Zühd ve Takva

Zühd ve Takva

 

İslamiyet zühd ve takvayı esas alır. Denilebilir ki, İslam’ın bir gerçeği olan tasavvufun asıl amacı da Müslümanlara zühdve takva hayatını kazandırmaktır.  Zühd, bazılarının sandığı gibi, dünyayı tamamen terk etmek değildir. Aksine dünya imkân ve zevkleri içindeyken dünya malına ve zevklerine mahkûm olmamaktır. Takva ise, salih amelleri işlemekten çok günahlardan uzak durmaktır. Başta Hz. Peygamber (s) olmak üzere bütün peygamberlerin, sıddıdıkların ve Salihlerin hayatları zühd ve takva ile geçmiştir. Hz. Peygamber’i (s) en çok takip edebilen ve hayatlarını onun hayatına en çok benzetebilen Raşid halifelerin hayatları da zühd ve takva üzerine bina edilmiştir.

Günümüzde bazı insanlar, “Tasavvuf insanları tembelleştiriyor” diye tasavvufu ve hakikat mesleğinde giden insanları tenkit ediyorlar. Hatta ilim ehli arasında böyle yanlış ve abartılı bir kanaat vardır. Oysa asıl onların hoşuna gitmeyen, tasavvufun dünyayı ve dünya hayatını küçümsemesi ve hakir görmesidir. Cenab-ı Allah birçok ayette dünyayı ve dünya hayatını küçümsüyor. İşte o ayetlerden birisi: “Her canlı ölümü tadacaktır. Ancak kıyamet günü yaptıklarınızın karşılığı size tastamam verilecektir. Kim cehennemden uzaklaştırılıp cennete sokulursa, gerçekten kurtuluşa ermiştir. Dünya hayatı, aldatıcı metadan başka bir şey değildir.” (Al-i İmran/185).

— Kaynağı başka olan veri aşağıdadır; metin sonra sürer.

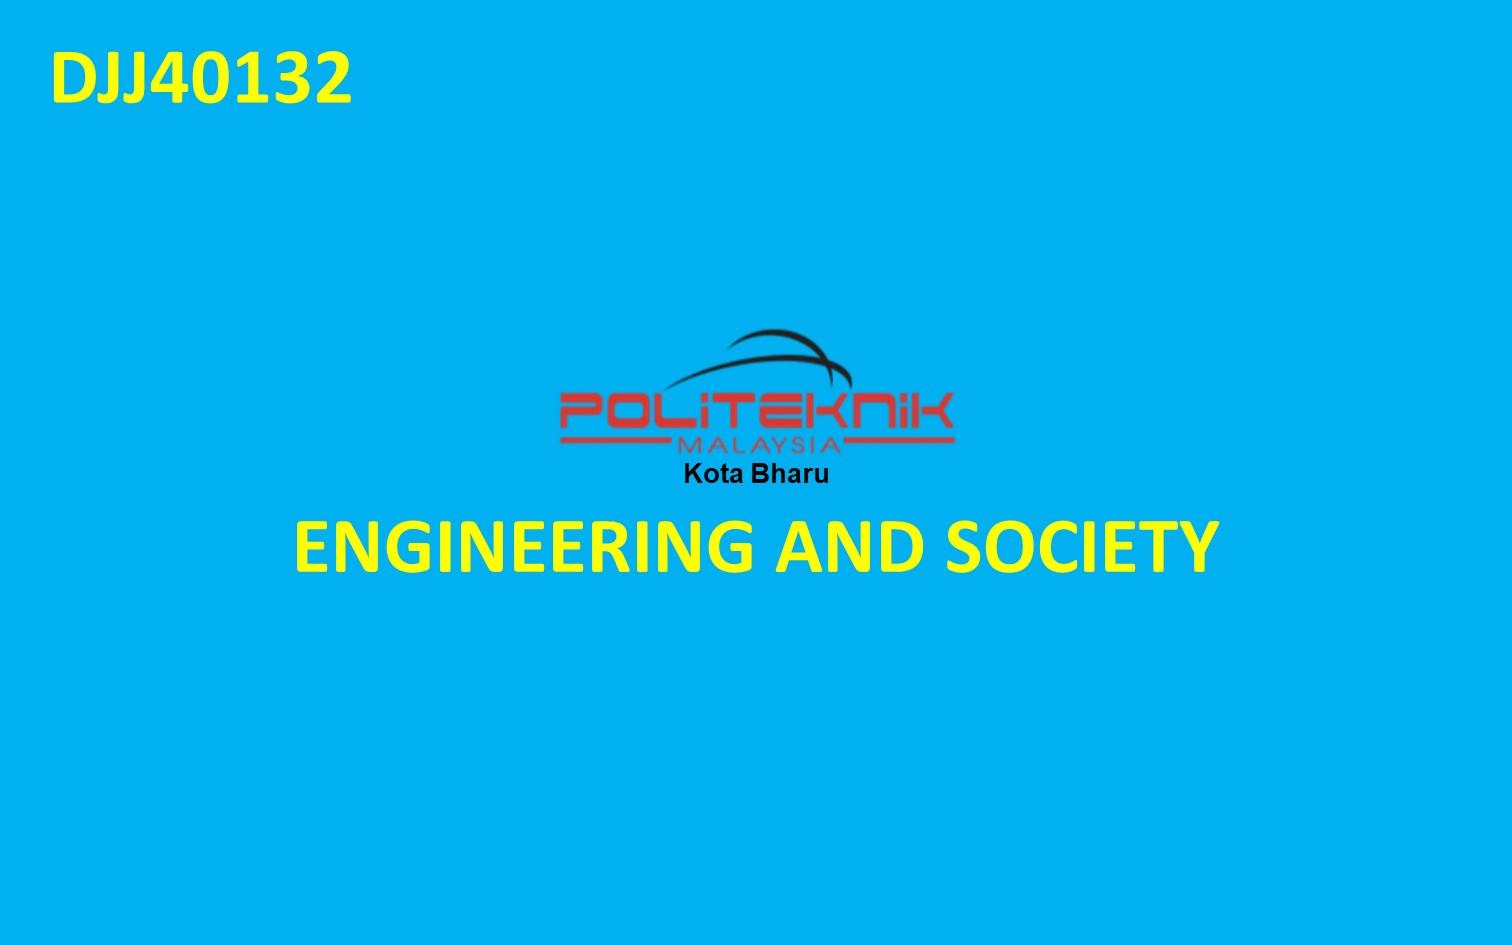 DJJ40132 ENGINEERING AND SOCIETY
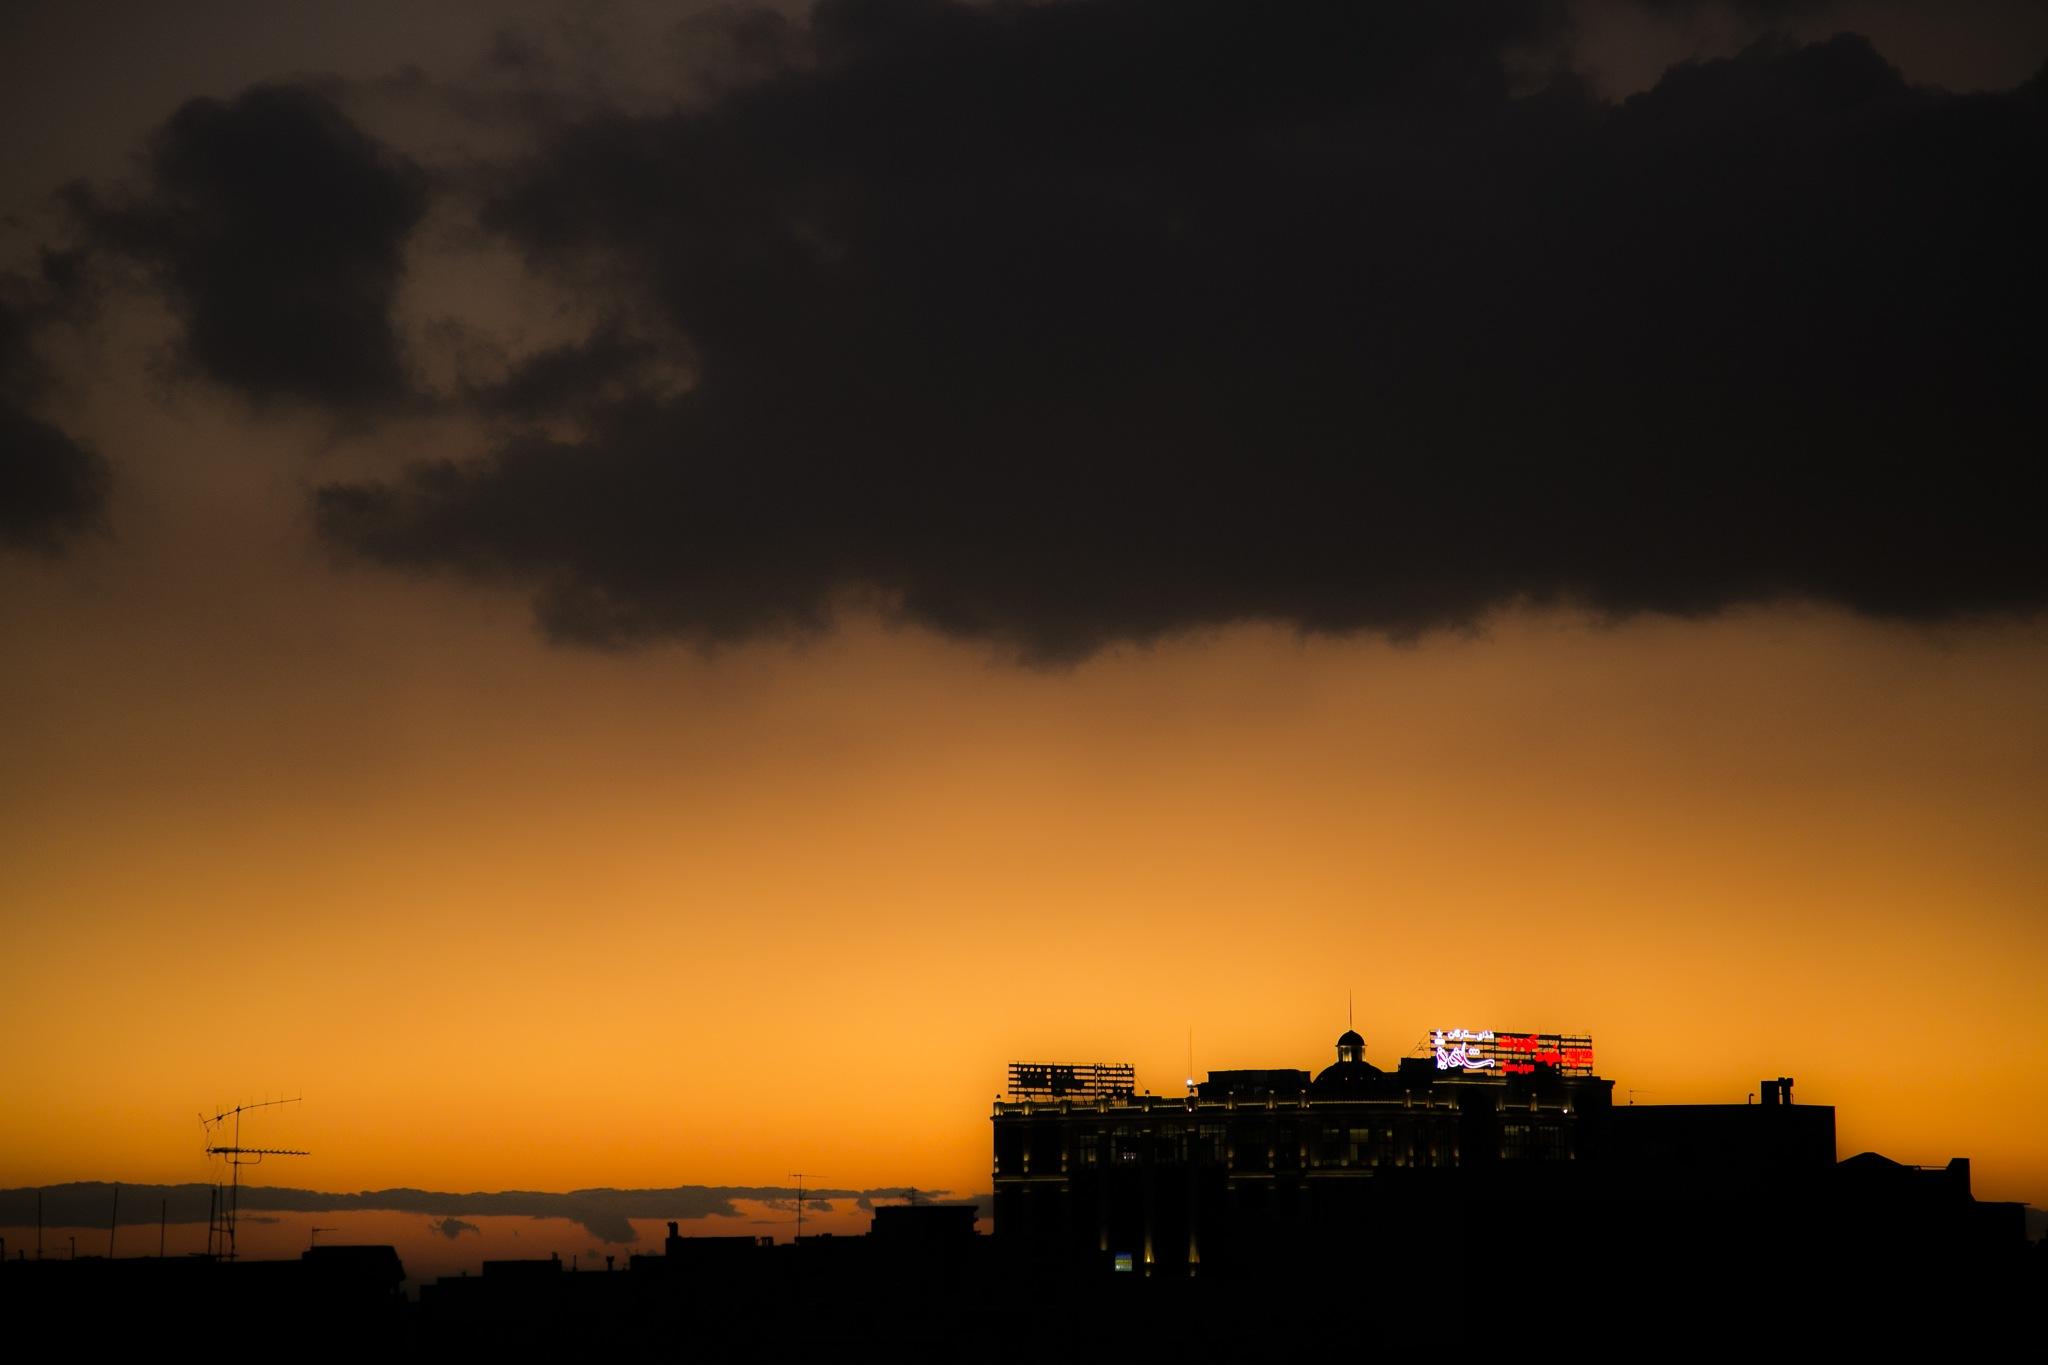 Tehran sunset by Babak Javid

Bu ve benzeri ayetleri görmezden gelip zühdü ve dünyayı kalben terk etmeyi esas maksat yapan tasavvuf ehlini acımasızca tenkit etmek insafsızlıktır. Evet,zühd ve takvayı esas alan insanlar dünyayı kesben değil kalben terk etmelidirler. Başka bir deyimle, Müslüman hayatını devam ettirirken çalışmaktan ve üretmekten kaçınmamalı ve insanlara faydalı olmaya çalışmalıdır. Aksi tadirde zühdü ve takvayı, dolayısıyla tasavvufu yanlış anlamış olur. Çünkü Resul-i Ekrem (s) Taberânî’nin naklettiği sahih bir hadiste, “İnsanların en hayırlısı onlara en çok faydalı olandır” buyuruyor.

Tasavvuf veya farklı meslek ve meşrep ehline düşen, kendi hocasının muhabbetiyle hareket edip başkalarının tenkisine çalışmamaktır. “Benim mesleğim ve meşrebim güzeldir veya daha güzeldir” diyebilir; ama “Güzel sadece benim meslek ve meşrebimdir. Benim dışında kalanlar dalalet üzeredirler” diyemez. Böyle dediği takdirde tekfir kapısını açmış olur. Bu ise, Müslümanları birbirine düşürür.